L3R-seq — Single-molecule RNA analysis from nanopore sequencing

L3R-seq (Long-read 3’ RACE-seq) is a targeted nanopore sequencing method that uses unique molecular identifiers (UMIs) to build one high-accuracy consensus sequence per original RNA molecule. L3Rseq is its companion bioinformatics pipeline: it takes raw Oxford Nanopore FASTQ files and produces per-molecule CSV tables quantifying RNA editing, alternative splicing, 3’ end cleavage position, and poly(A) tail status.

The pipeline was developed for Arabidopsis thaliana mitochondrial ccmC mRNA, but is adaptable to any target RNA on nanopore platforms.

Get started on GitHub Full documentation

What you can measure with L3R-seq

Each row in the output CSV represents one original RNA molecule. Per-molecule columns include:

RNA editing events (e.g., C-to-U) with configurable pattern matching
3’ end cleavage position on the reference
Poly(A) tail length and sequence from the non-templated 3’ extension
Splice status per intron (spliced / retained / not spanned)
Noise count separating biological editing from residual sequencing error

A secondary pattern option (--count-pattern TC) enables SLAM-seq T-to-C counting alongside primary editing in the same run.

Key capabilities

Capability	Description
UMI consensus calling	Groups reads by UMI, polishes each cluster into a single high-accuracy sequence
CIGAR-walk correction	Recovers 3’ ends that aligners mis-clip due to editing near the transcript boundary
Intron splicing detection	Classifies reads as spliced or unspliced; can auto-discover intron coordinates
Translocation filtering	BLAST-based chimera detection separates real poly(A) tails from artifacts
Built-in alignment viewer	Browser-based IGV.js viewer with sorting and coloring by any SAM tag

Getting started

The fastest way to try L3Rseq is GitHub Codespaces — click “Code” then “Codespaces” on the repository page to get a fully configured Linux environment in your browser with all dependencies pre-installed.

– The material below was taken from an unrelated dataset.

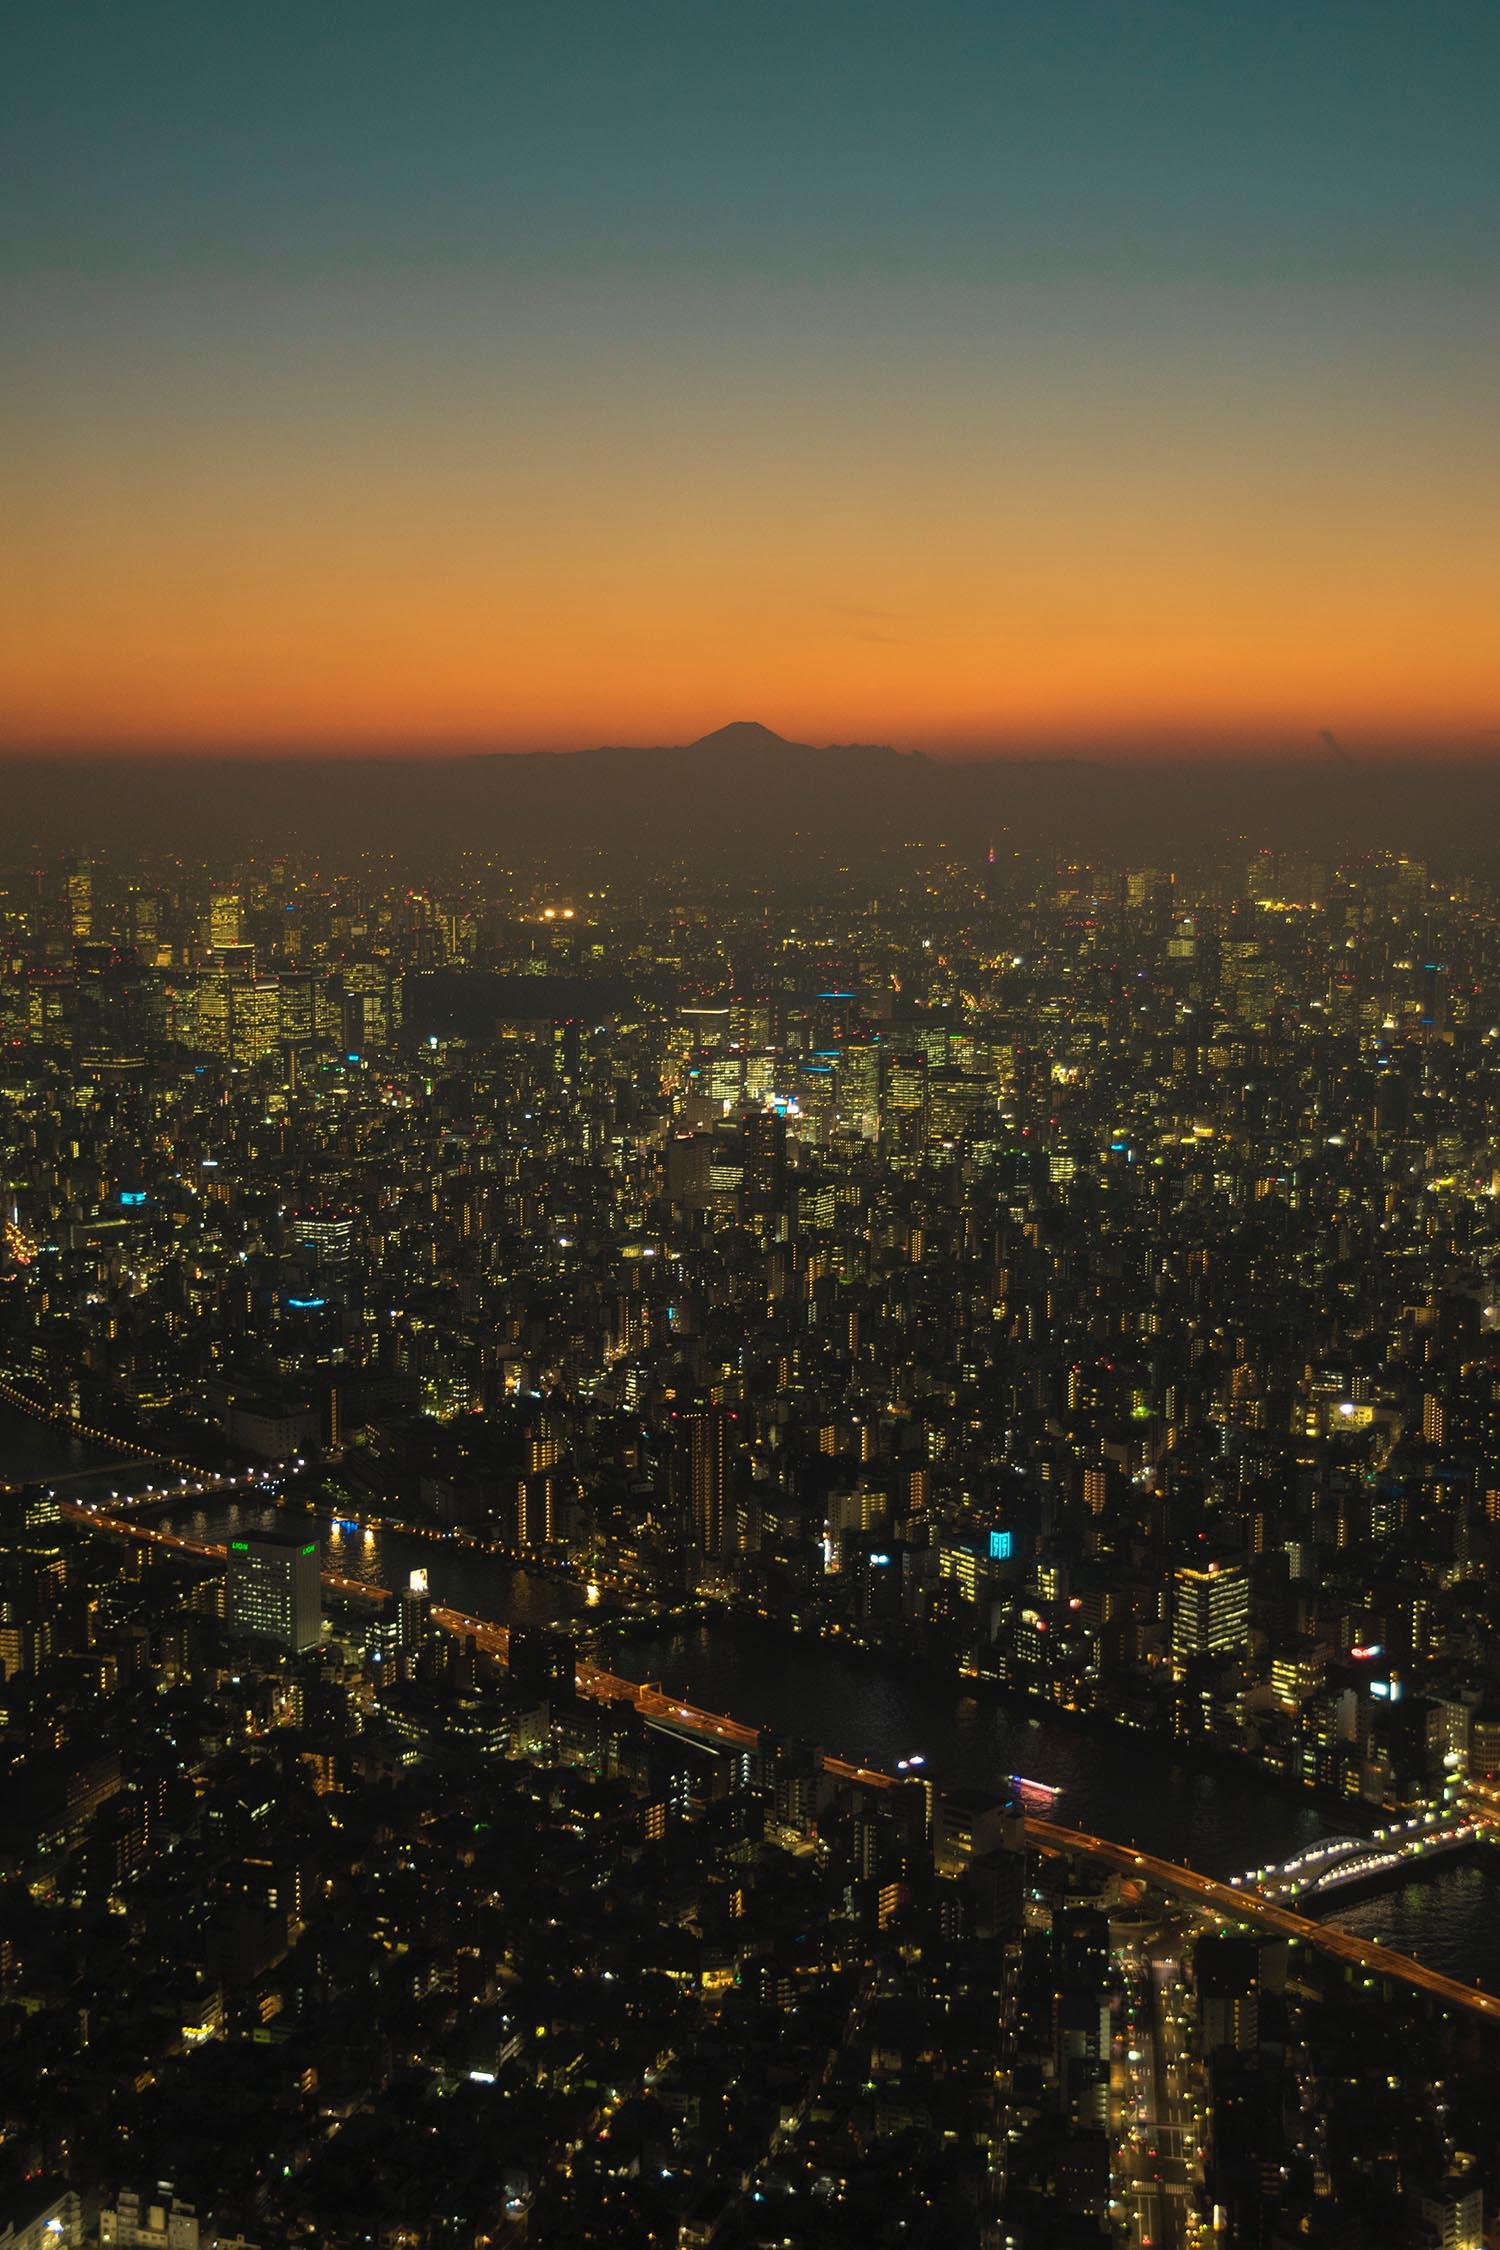 Vista desde la torre de Tokyo con el monte Fuji

Alternatively, pull the Docker image:

docker pull ghcr.io/akihitomamiya-del/l3rseq:latest

Then run the pipeline:

L3Rseq run \
  --input  data/fastq/       \
  --outdir results/           \
  --ref    refs/my_gene.fasta \
  --rpi-fasta refs/barcodes.fasta \
  --pattern CT

See the full documentation for detailed installation and usage instructions.

Pipeline at a glance

L3Rseq runs ten steps, from raw reads to annotated CSV:

Concatenate per-barcode FASTQ files
Trim adapters (cutadapt, 3-pass)
Demultiplex by sample barcode
UMI extraction and read grouping
Consensus calling (Racon-based polishing)
Target region extraction
Mapping to reference (minimap2)
Variant calling (LoFreq)
3’ tail correction with CIGAR-walk
CSV export and quality reporting

Enter at any step with --start-at / --stop-at.

Requirements

All dependencies ship inside the Docker image. No manual installation of bioinformatics tools is needed. The pipeline uses conda environments for minimap2, samtools, cutadapt, racon, vsearch, LoFreq, BLAST+, and more.

Citation

If you use L3Rseq in your research, please cite:

Mamiya, A. L3Rseq: bioinformatics pipeline for Long-read 3’ RACE-seq. https://github.com/akihitomamiya-del/L3R-seq

License

L3Rseq is released under the GPL-3.0 license.